Probability of counts from the counting rate of a radioactive sample?

[carnivalcougar]

Homework Statement

The average counting rate of a radioactive sample is 486 cpm (counts per minute). Find the probability that in any given 10s interval one gets less than 72 counts. Is this the same as the probability of getting less than 72 X 6 = 432 counts in 60s?

Homework Equations

The Attempt at a Solution

I'm not really sure where to start. I do not think that the probability of less than 72 counts in 10s is the same as getting less than 72 x 6 counts in 60s though.

 

[Curious3141]

Radioactive decay can be modeled as a Poisson process. You're given the average event rate (486cpm = 81 counts per 10 sec interval). The variance equals the mean (here that's the average event count for the respective time interval).

Remember that for a sufficiently large mean, the Poisson can be well-approximated by the normal distribution, with a continuity correction applied. That should simplify the calculations.

Does that help?

 

[carnivalcougar]

We were not told what a Poisson process is, just that the standard deviation will equal to \sqrt{navg} where navg is the average number of counts, n. If there are 468 counts per minute then the average count rate /10s will be 81 and the standard deviation of that will be 9. So you would get less than 72 counts 15.8% of the time if you use a normal distribution (15.8% of values will lie below one standard deviation).

As for the probability of getting less than 72 X 6 = 432 counts in 60S, this is not the same because one standard deviation from 486 is 464.

Is this correct?

 

[Curious3141]

We were not told what a Poisson process is, just that the standard deviation will equal to \sqrt{navg} where navg is the average number of counts, n. If there are 468 counts per minute then the average count rate /10s will be 81 and the standard deviation of that will be 9. So you would get less than 72 counts 15.8% of the time if you use a normal distribution (15.8% of values will lie below one standard deviation).
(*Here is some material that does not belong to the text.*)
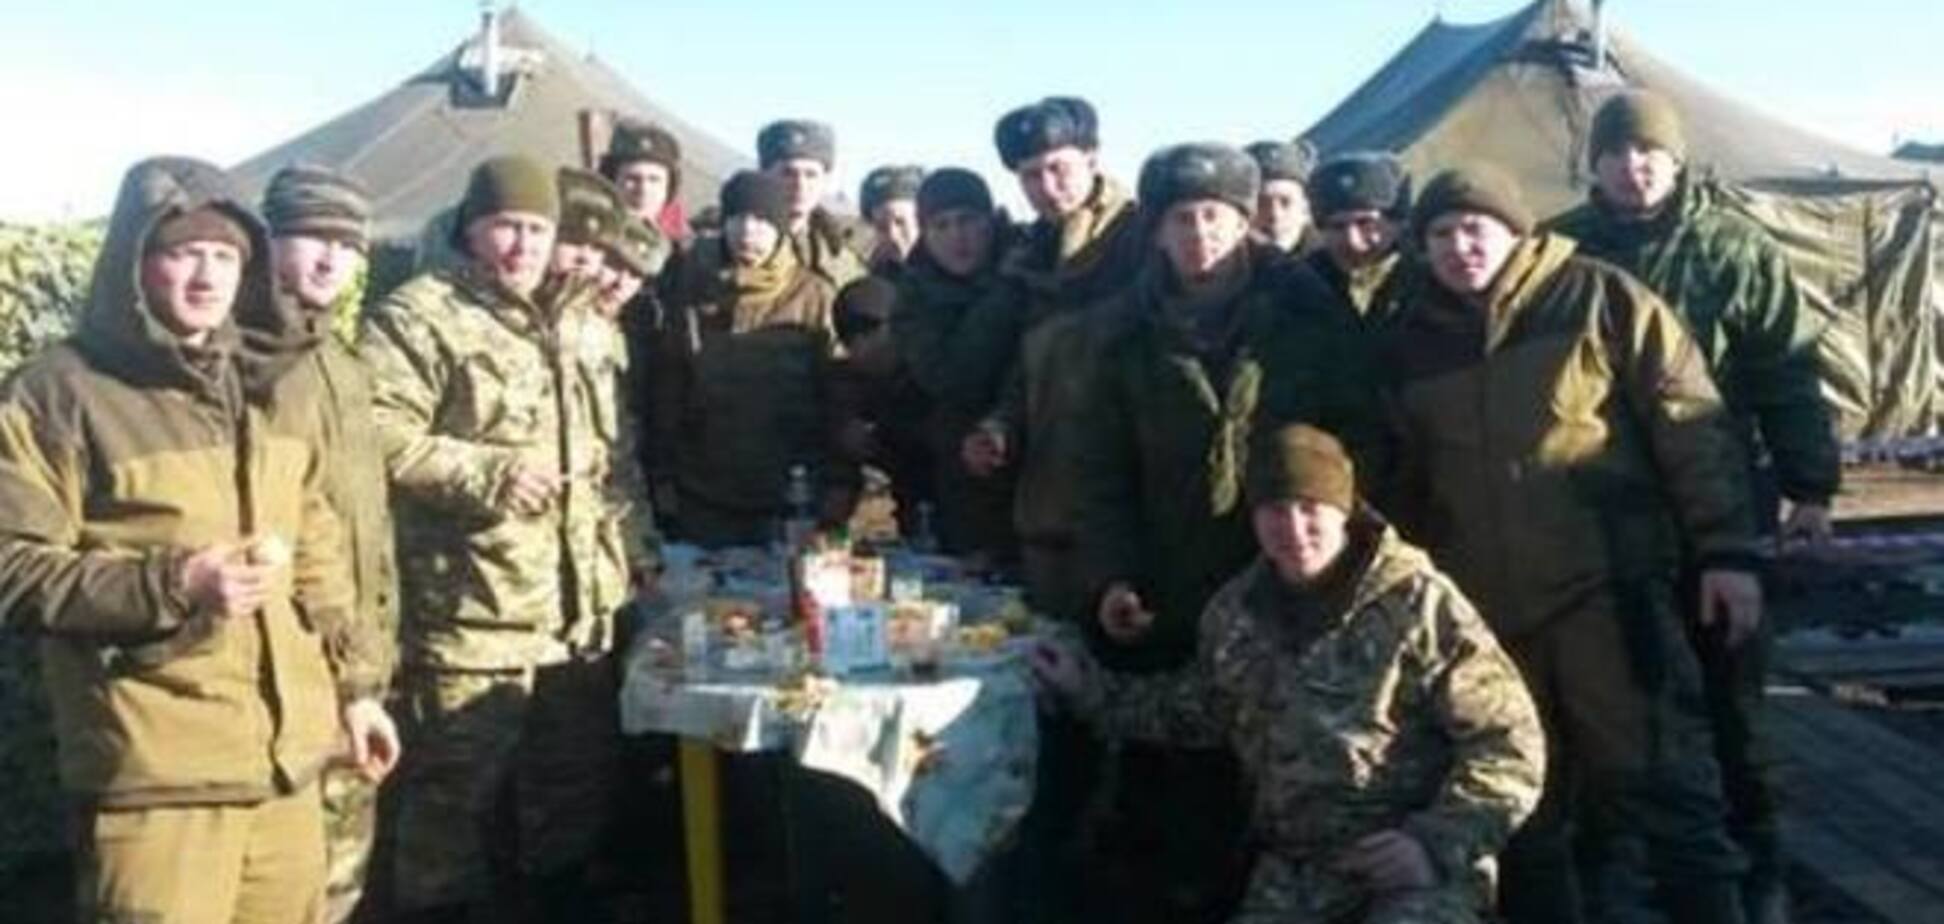 Російські десантники оплакують своїх товаришів по службі, загиблих в зоні АТО: фото- і відеофакти

This is OK *if* you're not supposed to know about a Poisson process and if you're expected to apply the normal distribution without a continuity correction.

However, applying a continuity correction means you have to find $P(X \leq 71.5)$ in a normal distribution with mean 81 and s.d. 9, which is 0.145 or 14.5%.

Doing it by hand for a Poisson distribution is almost impossible, but a Poisson calculator will give a very similar value.

As for the probability of getting less than 72 X 6 = 432 counts in 60S, this is not the same because one standard deviation from 486 is 464.

Correct.